Check is complaining

  --> src/lib.rs:29:5
   |
27 |         result.push(BusinessControl::new(&record));
   |                                          ------- `record` is borrowed here
28 |     }
29 |     Ok(result)
   |     ^^^^^^^^^^ returns a value referencing data owned by the current function

read_csv reads in csv and will definitely own the data. Returning result will definitely be returning something that is referenced by read_csv. Is there any other way to do this? Am i missing anything or doing something wrong here?

  1. The easiest way to fix this is to change:
struct BusinessControl<'a> {
    country: &'a str
}

to

struct BusinessControl {
    country: String
}

and then fix the compiler errors that pop up.

  1. As for what’s wrong with the code above:

You current BusinessControl<'a> object has a reference to a string. This means they can not outlive the life time of the underlying strings. In this particular case, the strings are created at let record = recordRes? and will die when the record goes out of scope.

However, you are trying to return a Vector of references to things that will vanish when the function stack frame is popped

The solution to this is … instead of having BusinessRecord store refs, have it store String.

4 Likes

To expand on @zeroexcuses’s answer, references are temporary views into another structure, and it looks like you want a permanent value, so you shouldn’t be using a reference. Only use references in types when you know that the type is only for temporary use, for example iterators over some other structure.

4 Likes

I would like to ask the lifetime of countryCode in the method BusinessControl<'a>::new(record: &'a StringRecord) -> Self. I don’t understand why it is 'a, not the lifetime associated to the body of the method?
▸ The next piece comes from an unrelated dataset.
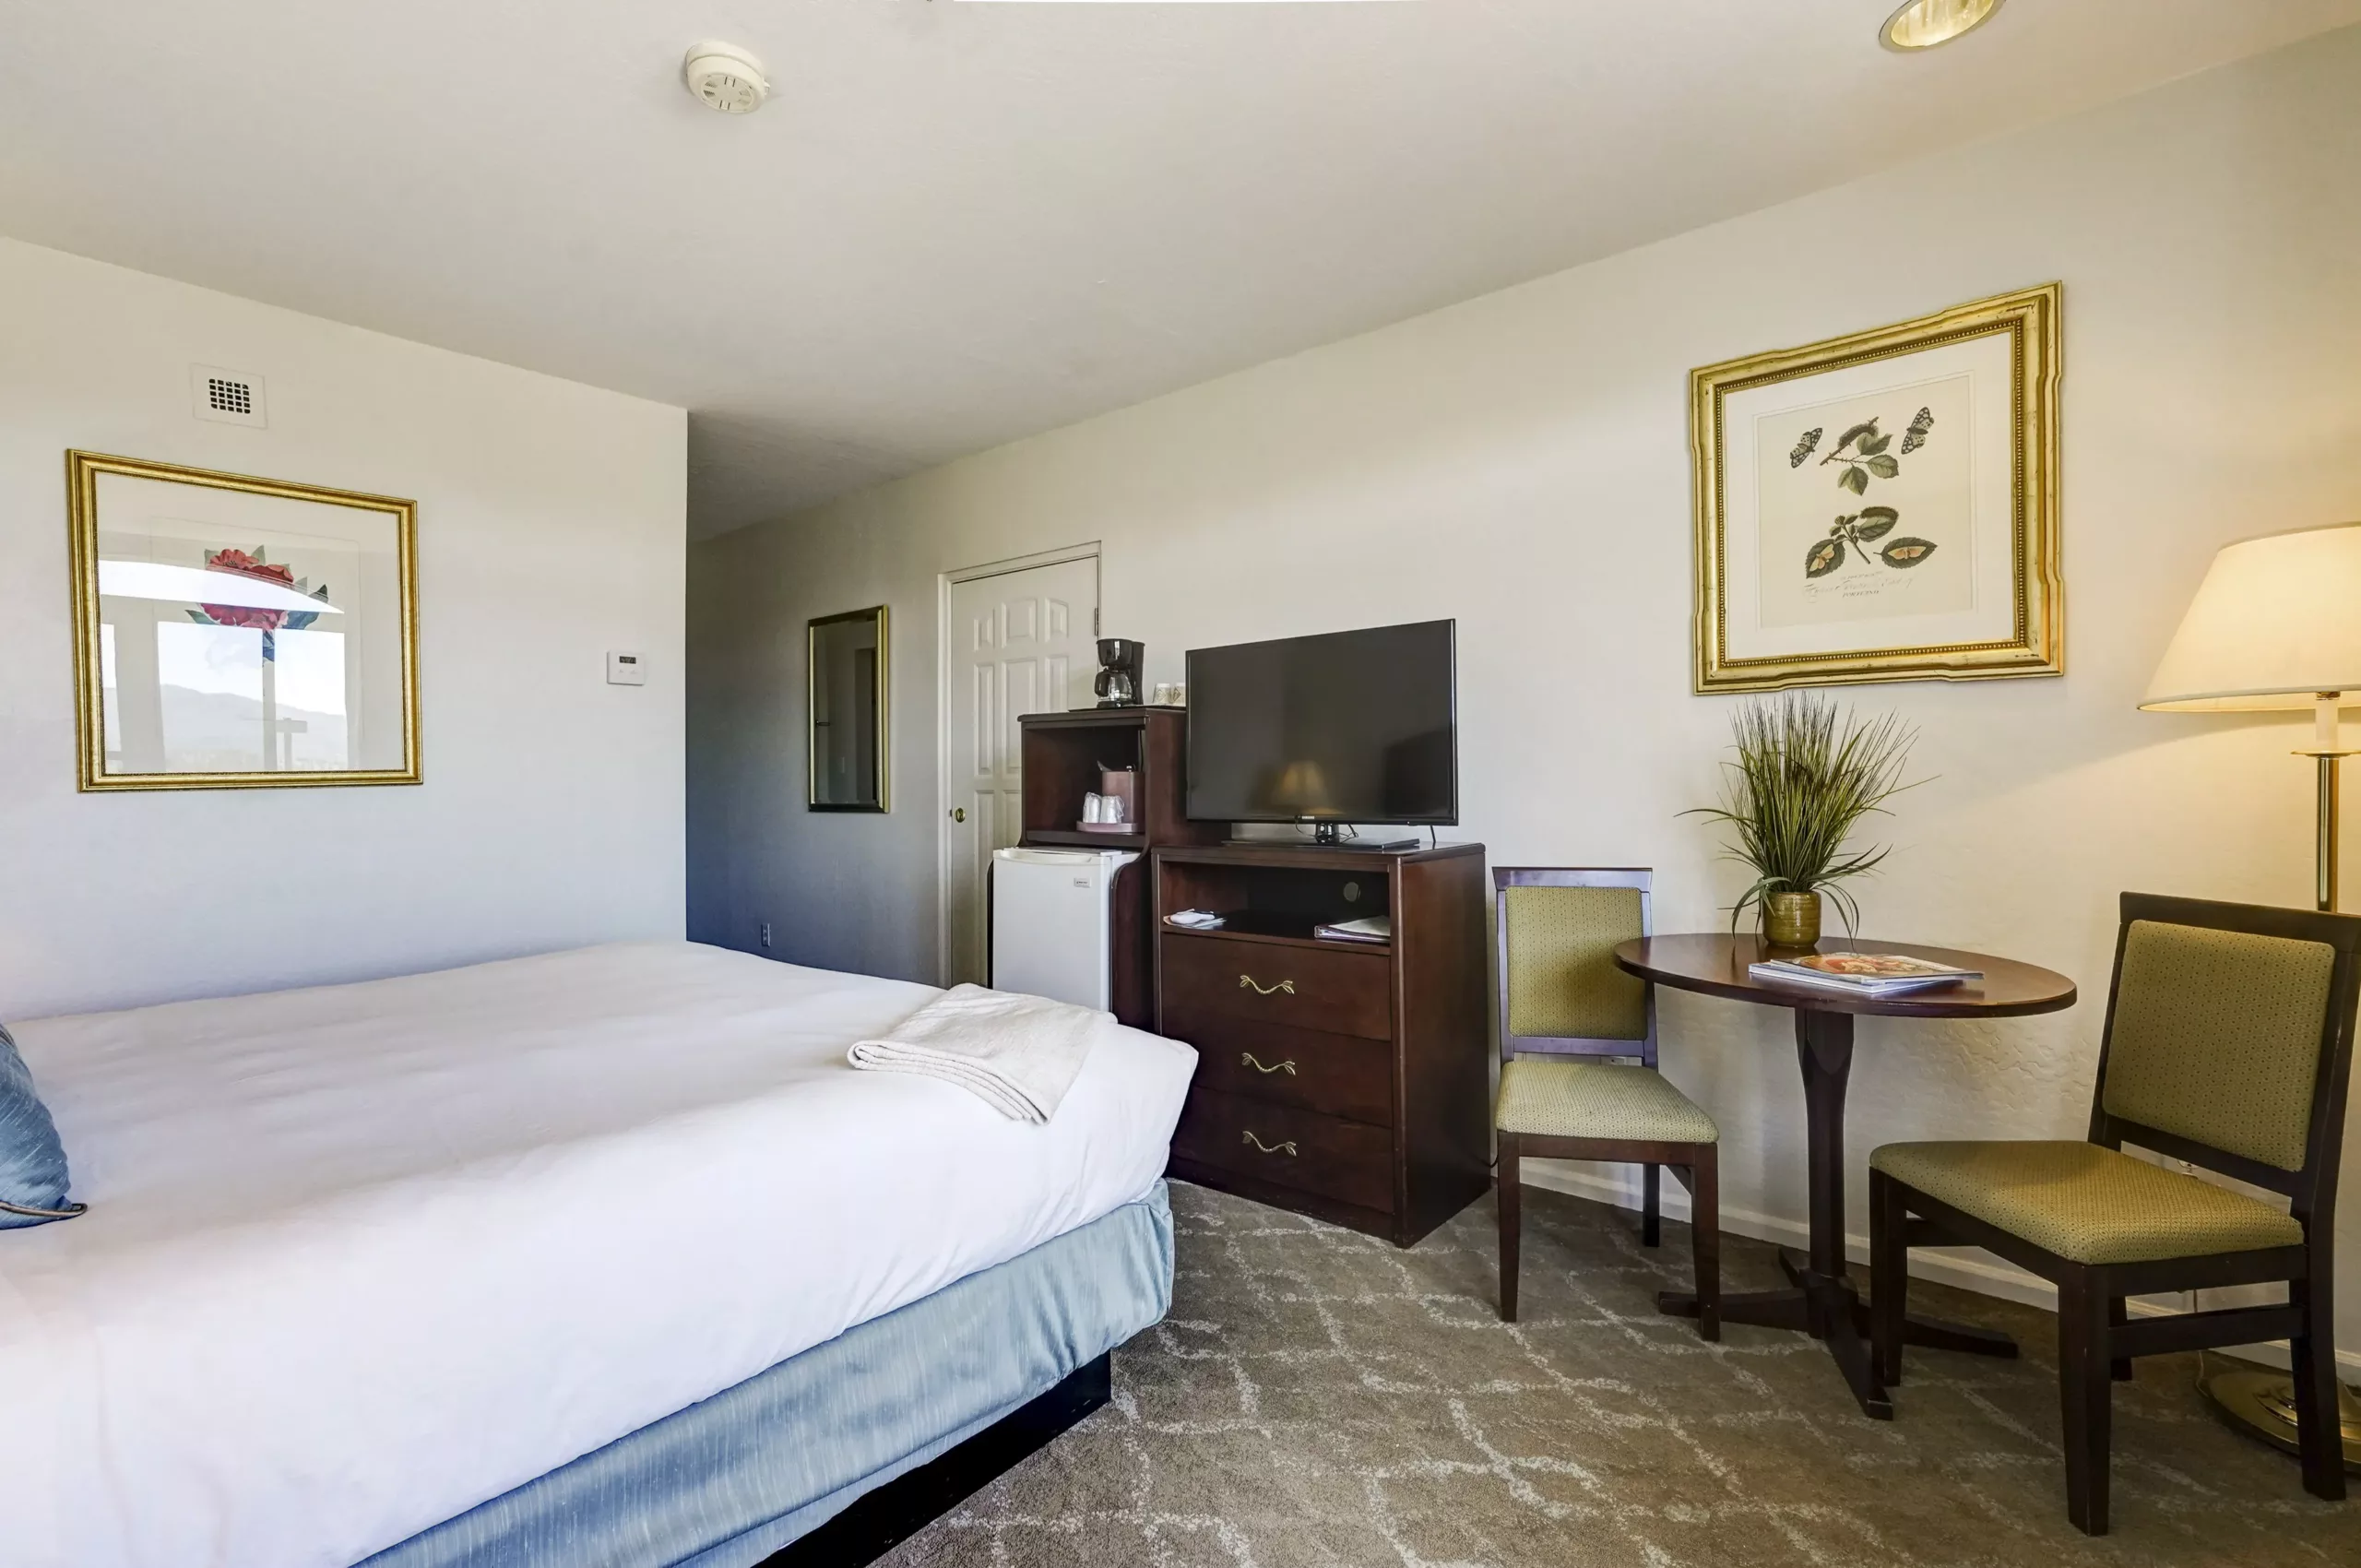 Standard Room at Forest Villas Hotel in Prescott AZ

And in the initialization country: countryCode, seemingly the lifetime of country is also 'a instead of that associated to the method.

Think of lifetimes parameters like type parameters,

fn foo<T>(value: T) {}

T is not decided by the function foo, so foo must work for any T.

Similarly

fn bar<'a>(value: &'a i32) {}

'a is not decided by the function bar, so bar must work for any 'a

Now, because the caller must decide the lifetime 'a, it can’t pick any lifetimes from inside bar, in the very same way that anyone who calls foo can’t pick any types that are defined inside of foo.

fn foo<T>(value: T) {
    struct HelperType(u32);
}

No-one can pick HelperType to pass into foo other than foo. Similarly, no one can pick a lifetime inside of bar other than bar, because those lifetimes don’t exist outside of bar*.

* Note: Lifetimes don’t actually exist as values in Rust, they just used to solve a very complex constraint problem by using logic solvers (such as nll and polonius), these logic solvers, in a way, similar to Prolog.

I don’t know whether this is a response to my post. I wanted to ask why the initialization country: countryCode is valid. I look at the Rust book, listing 10-18, and it indicates that the lifetime of the reference r there is 'a. Here the local reference countryCode has a similar lifetime, and I wonder whether this lifetime will be propagated to country (which, in my eyes, results in a compilation error there)?

About your last paragraph: I don’t know the meaning of non-existence of lifetime “as values” in Rust. Seemingly you want to say that lifetimes are just used to describe a set of constraints, and then the compiler checks whether these constraints are “formally” consistant (like 3-SAT, etc). However, it does not exclude that we could find a model in the program (lifetimes corresponds to maybe substrings of the program), and possibly the constraints are consistent if and only if a model exists, something similar to, say, Gödel’s completeness theorem, or a much simpler fact of linear algebra: a system of linear equations has a zero if and only if there is no conflict, i.e., a linear combination leads to things like 1=0.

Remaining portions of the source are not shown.